| AVS 62nd International Symposium & Exhibition | |
| Tribology Focus Topic | Thursday Sessions |
| Session TR+AS+NS+SS-ThA |
| Session: | Molecular Origins of Friction |
| Presenter: | Judith Harrison, United States Naval Academy |
| Authors: | J.A. Harrison, United States Naval Academy M. Fallet, United States Naval Academy K.E. Ryan, United States Naval Academy T. Knippenberg, High Point University S.H. Kim, Pennsylvania State University A. Al-Azizi, Pennsylvania State University |
| Correspondent: | Click to Email |
Atomic-scale wear in nanoscale contacts is of particular importance for tip-based nanomanufacturing applications. As a result, wear resistant materials, such as diamond-like carbon (DLC), have been used to coat AFM tips to improve the lifespan and reliability of AFM probes and surfaces. Unfortunately, the tribological performance of these materials is known to depend on environmental conditions, such as humidity levels. We have performed macroscopic and atomic force microscopy friction experiments and molecular dynamics (MD) simulations aimed at examining adhesion and wear of DLC in humid environments.

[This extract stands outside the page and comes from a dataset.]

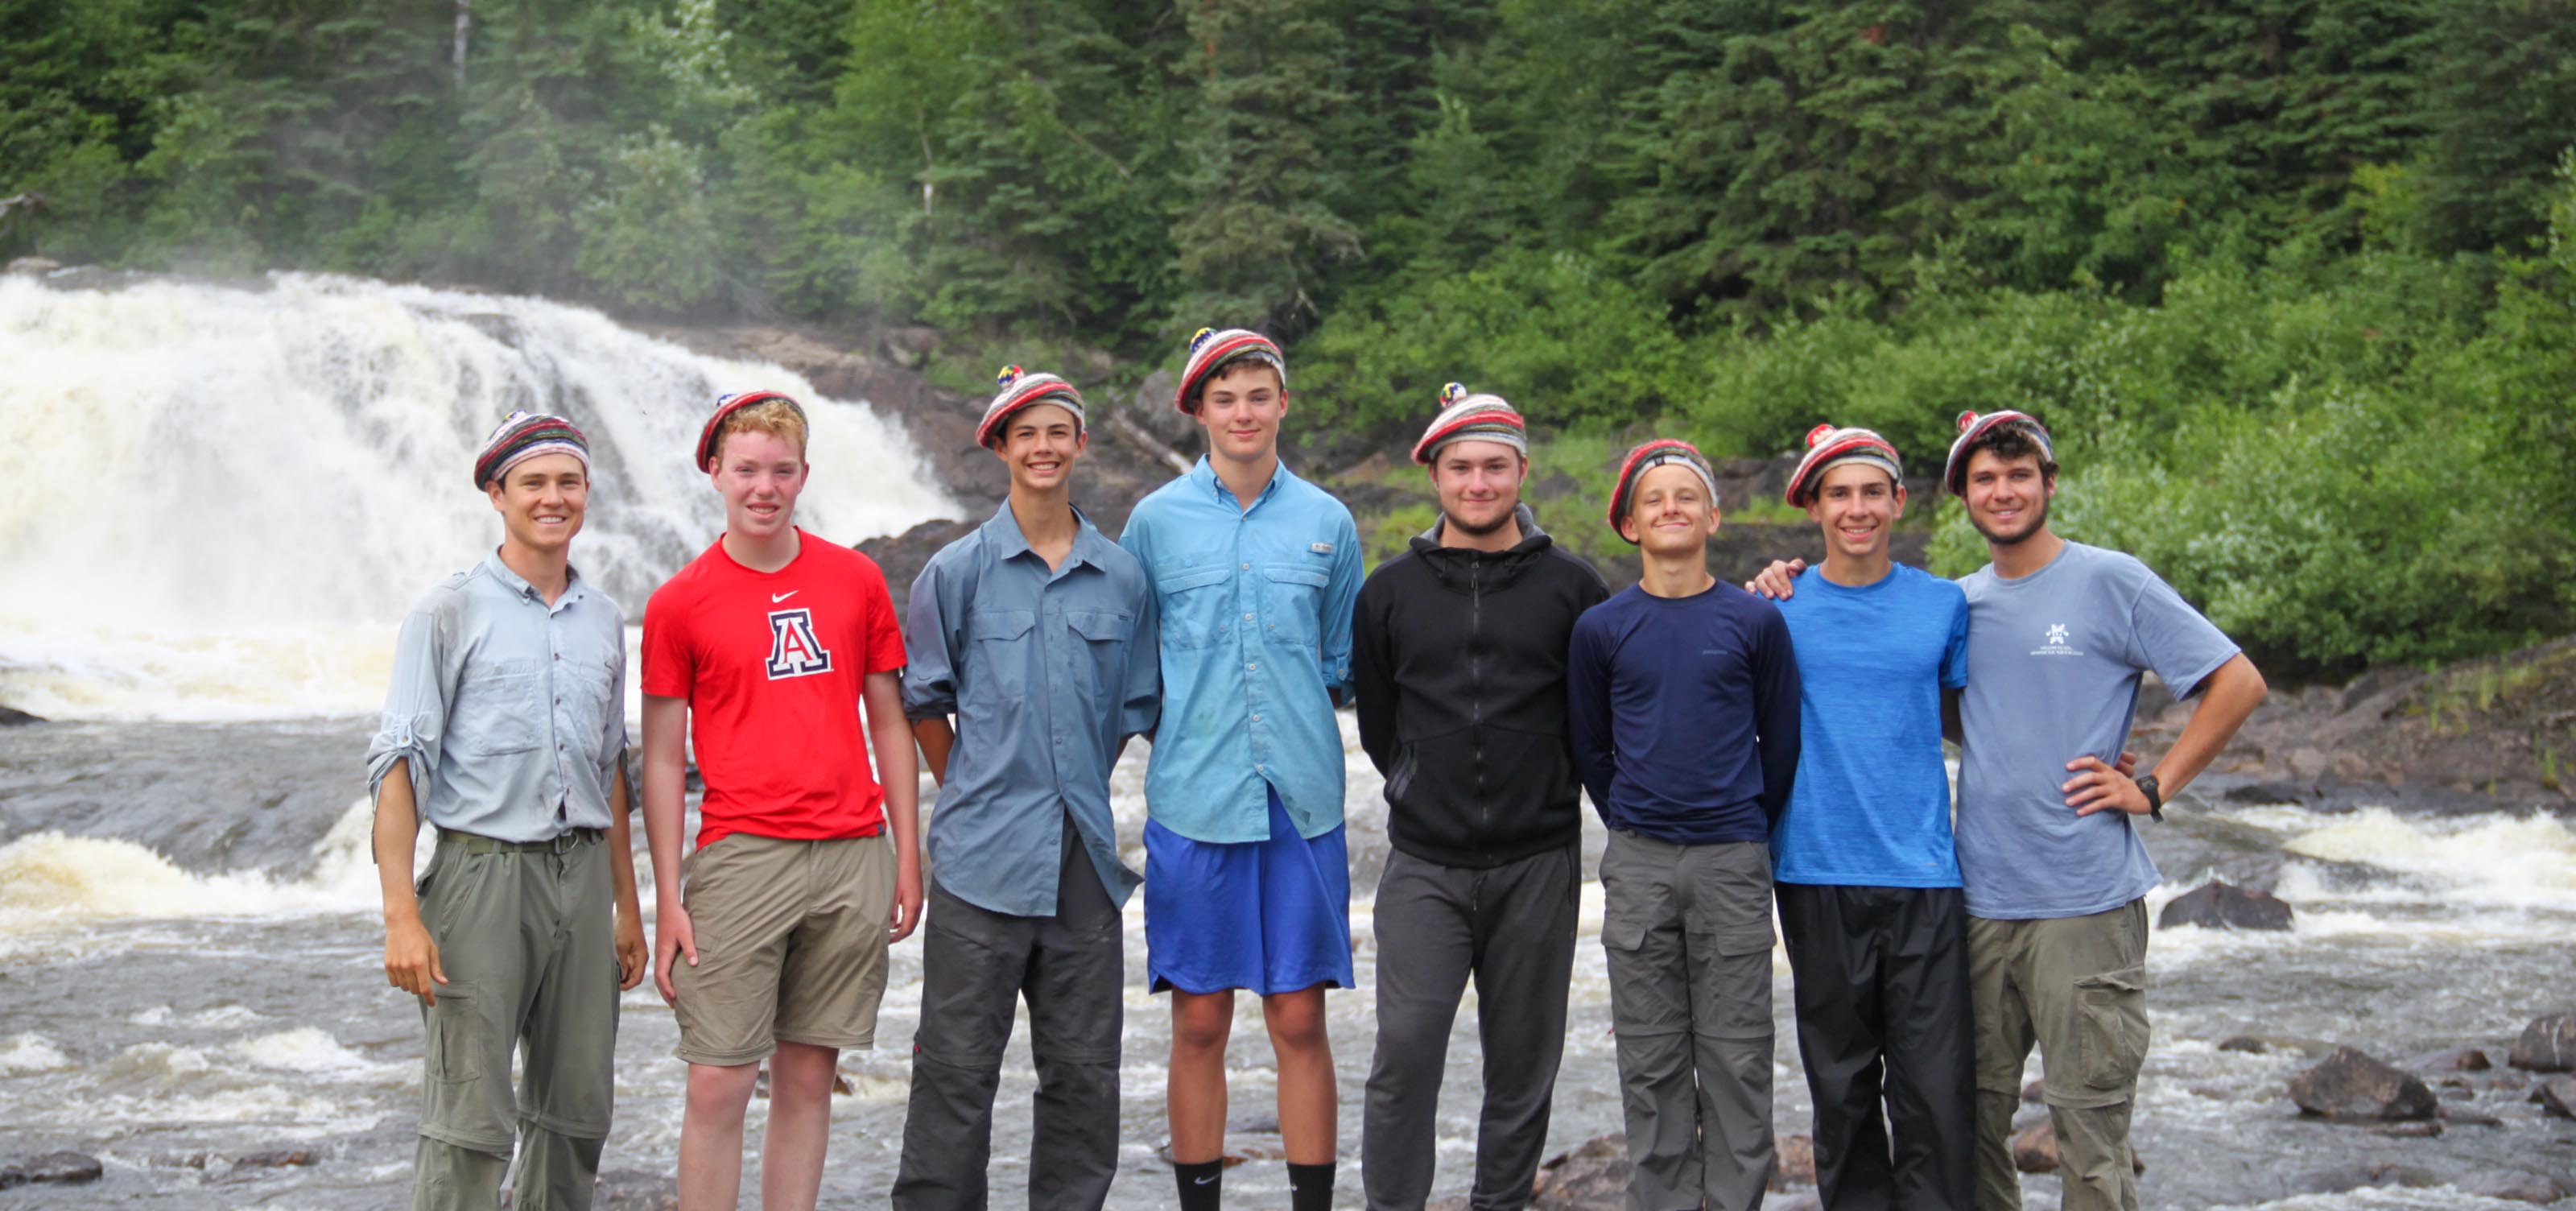 group of boys standing in front of a waterfall smiling for the camera.

Macro-scale friction tests showed friction and transfer film dependence on humid conditions. Low humidity suppresses transfer film formation while keeping the friction low. Intermediate humidity, however, does not reduce transfer film formation and increases the friction. The effect of humidity on friction was found to agree with the adhesion dependence on relative humidity as measured with atomic force microscopy.
Because it is difficult to elucidate atomic-scale mechanisms via experimental methods, molecular dynamics simulations have been employed to examine this behavior. Adhesion and sliding simulations of non-hydrogenated, ultrananocrystalline diamond (UNCD) and DLC surfaces with various levels of hydrogen in the presence of water using the qAIREBO and the ReaxFF potentials have been performed. Because both of these potentials are able to model chemical reactions, the atomic-scale mechanisms responsible for adhesion and wear can be identified. Results obtained with both potentials will be compared to the experimental results.